Given data:
--- START ---

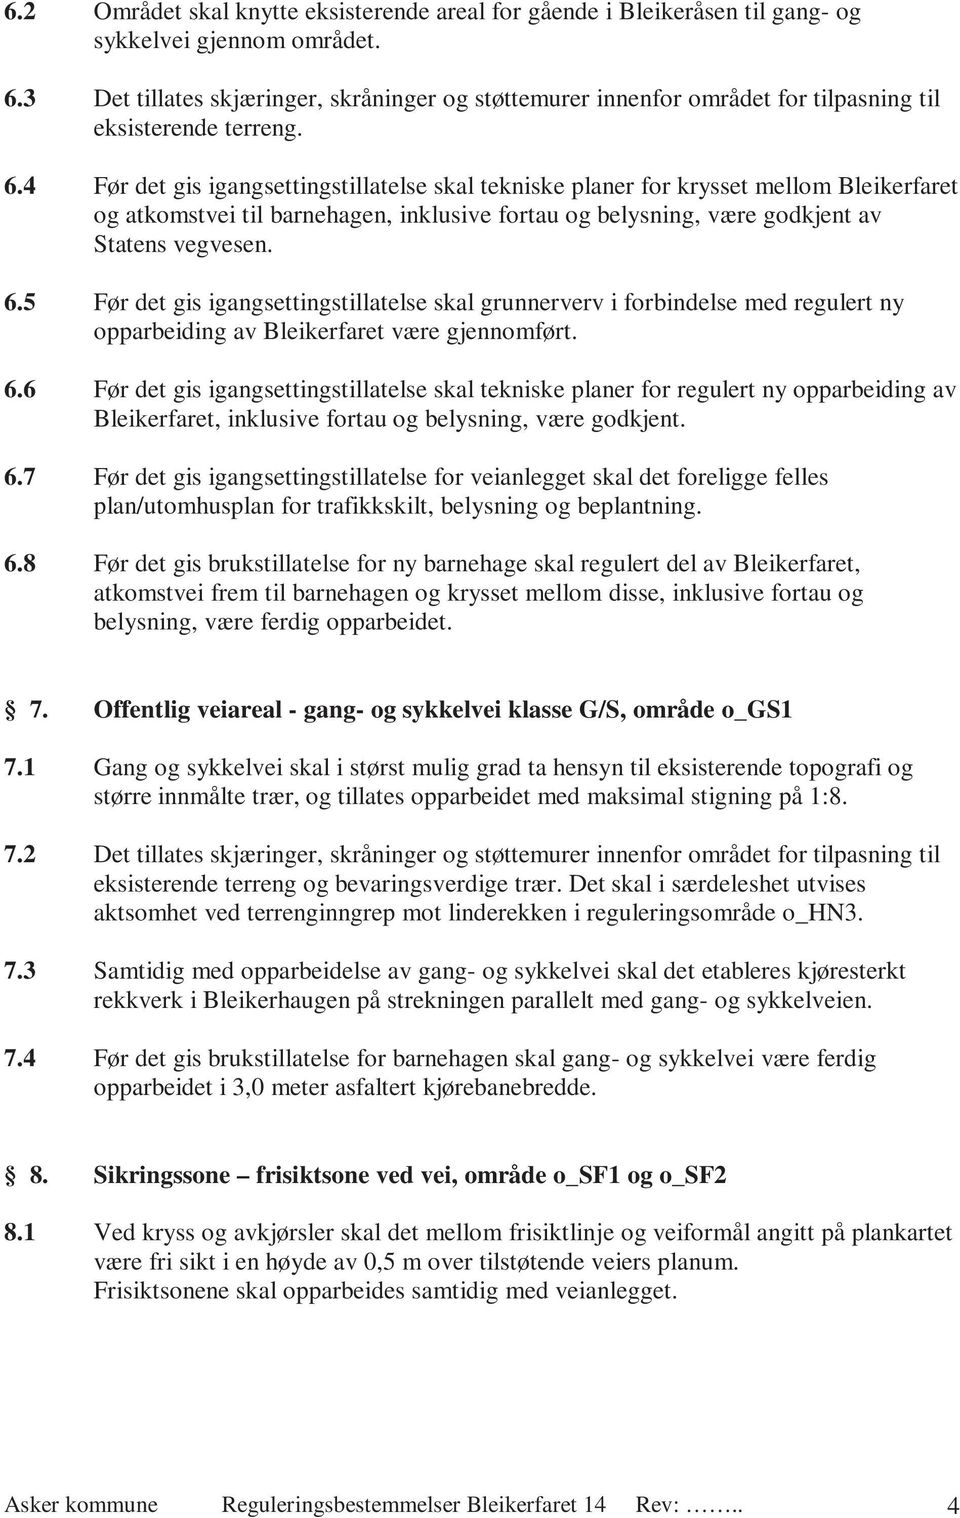 4 Før det gis igangsettingstillatelse skal tekniske planer for krysset mellom Bleikerfaret og atkomstvei til barnehagen, inklusive fortau og belysning, være godkjent av Statens vegvesen. 6.
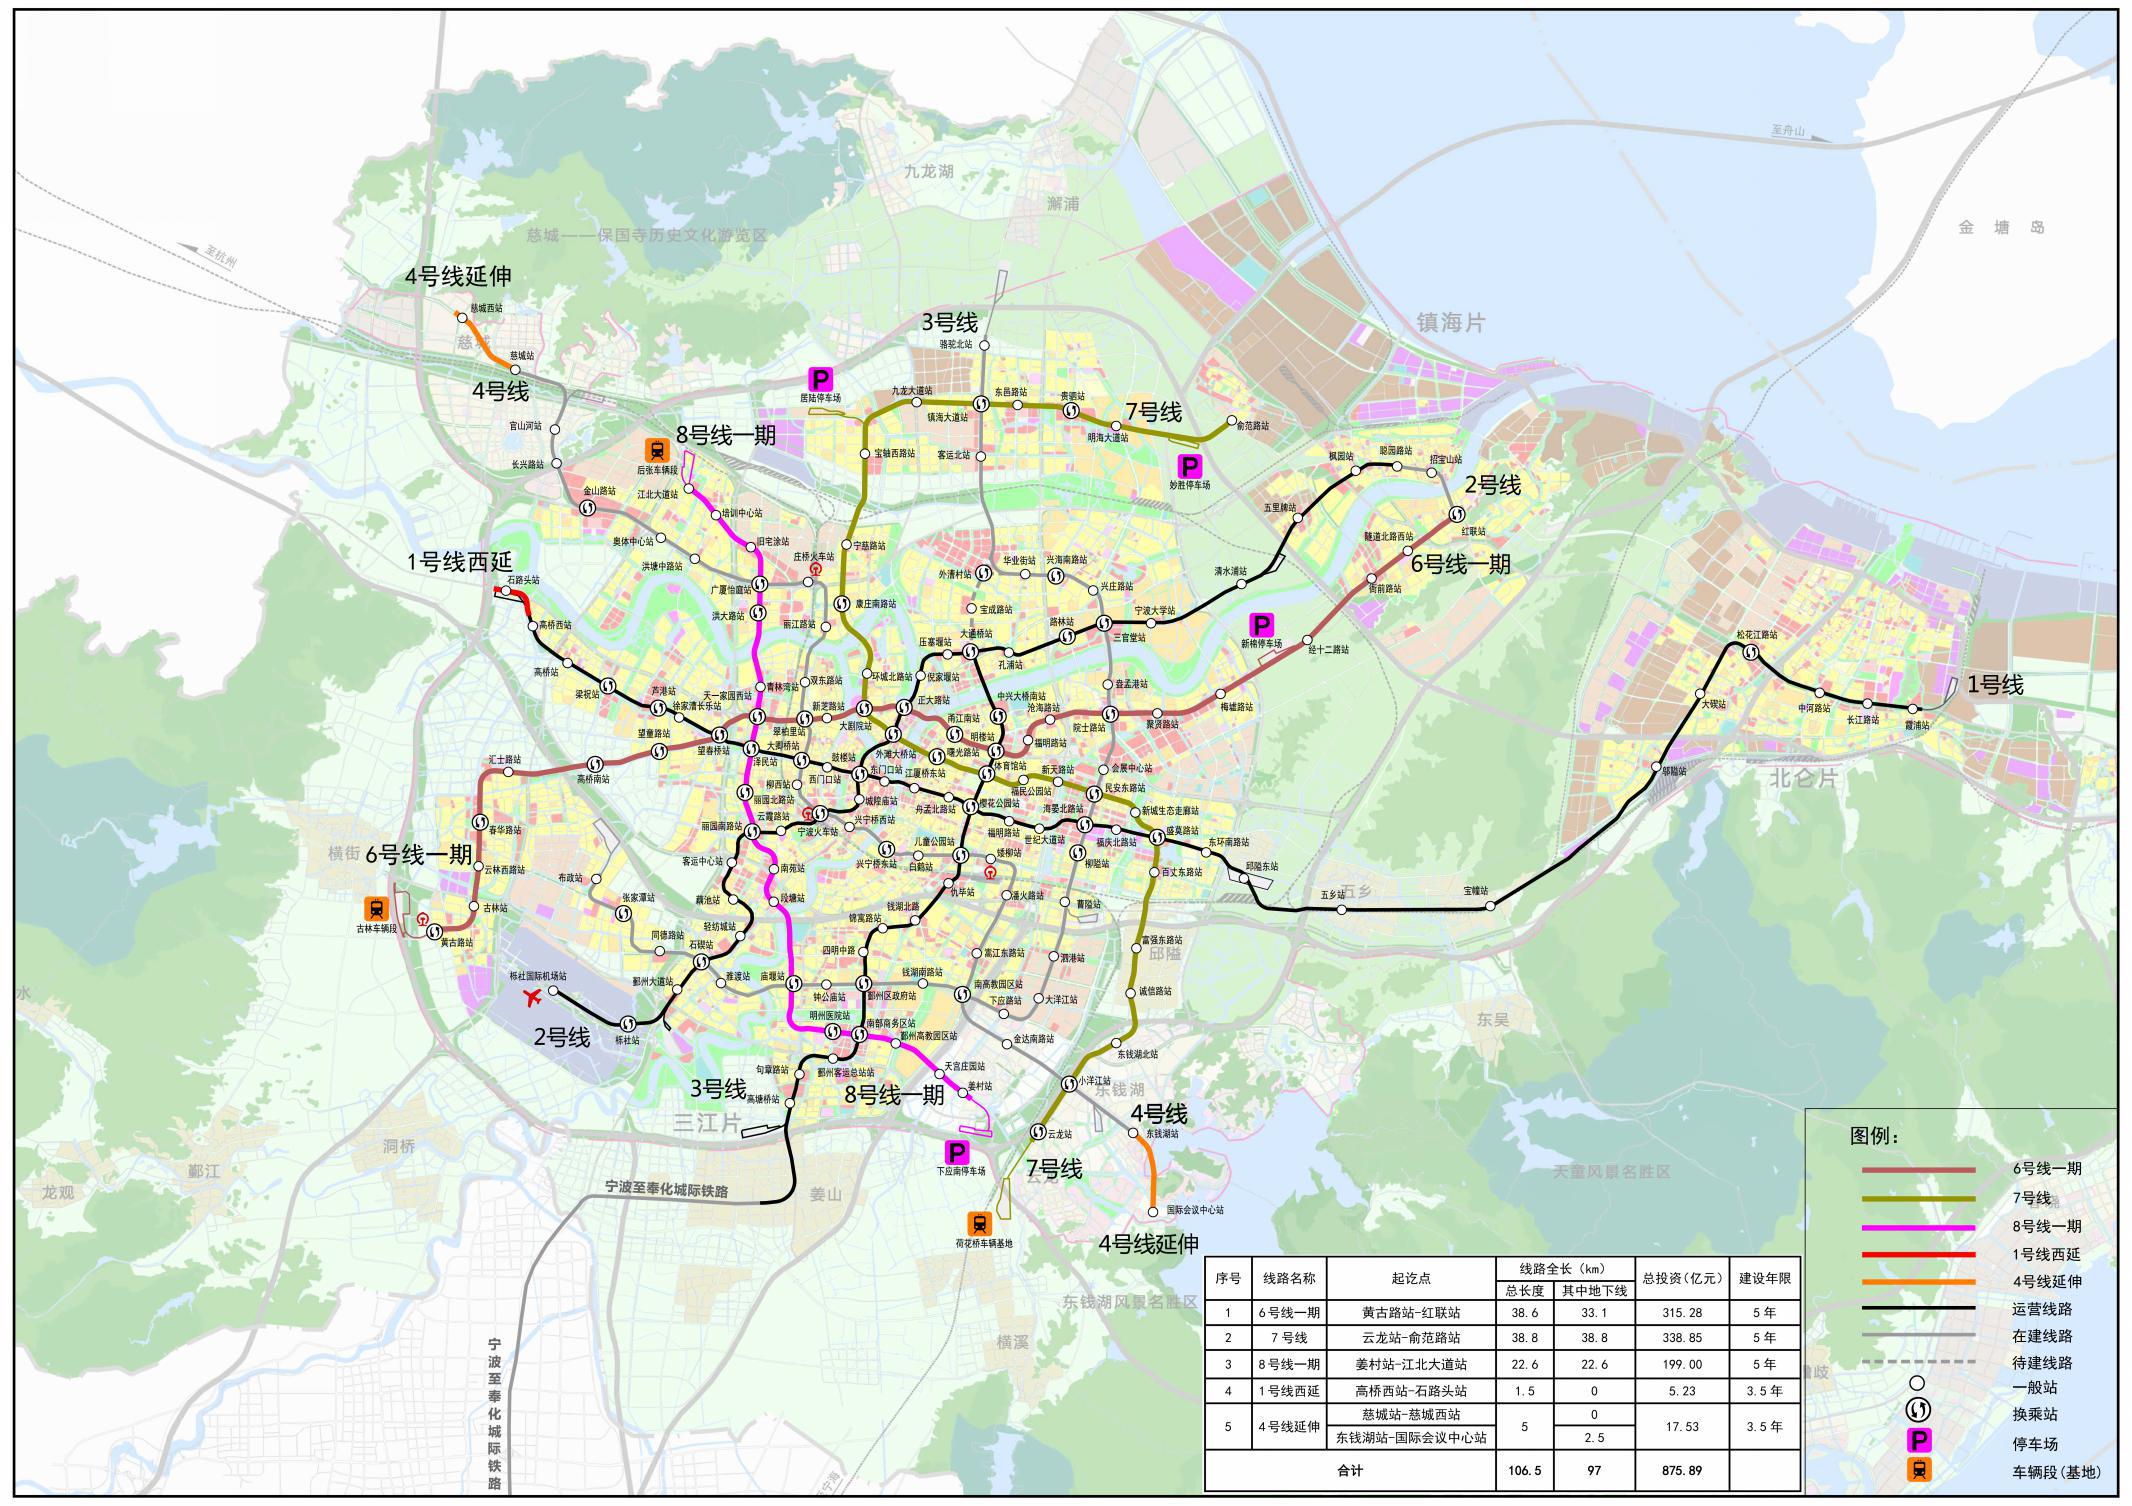 年) 一,线网规划 宁波市轨道交通 2035 年线网由 10 条线组成,总规模
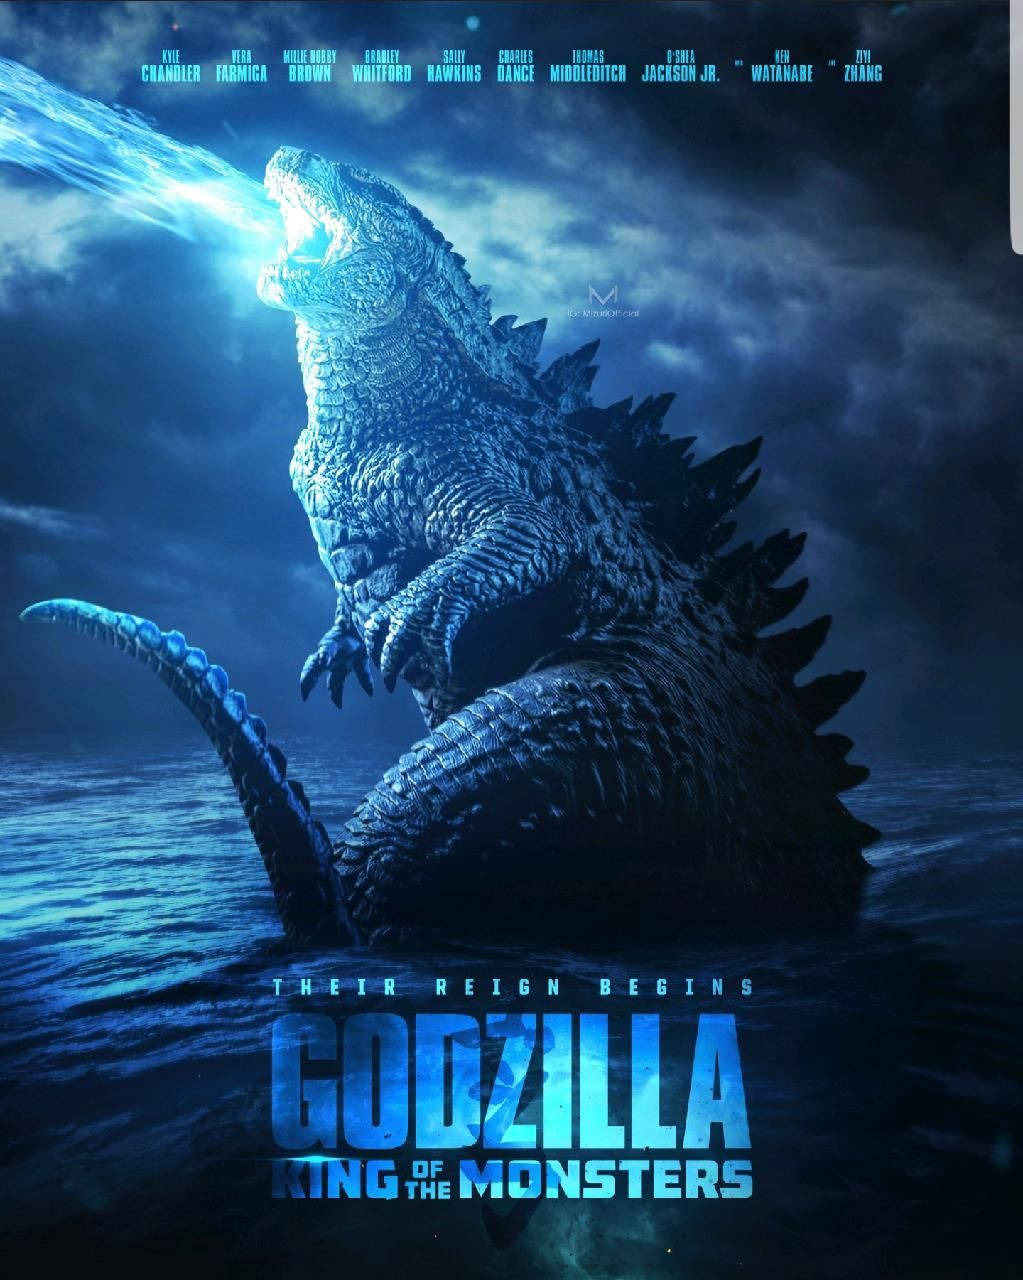 "Prepare For The Reign Of Godzilla" Wallpaper

--- END ---

Transcribe the material above word for word; images do not belong in the copy.

 4 Før det gis igangsettingstillatelse skal tekniske planer for krysset mellom Bleikerfaret og atkomstvei til barnehagen, inklusive fortau og belysning, være godkjent av Statens vegvesen. 6.
 年) 一,线网规划 宁波市轨道交通 2035 年线网由 10 条线组成,总规模
 "Prepare For The Reign Of Godzilla" Wallpaper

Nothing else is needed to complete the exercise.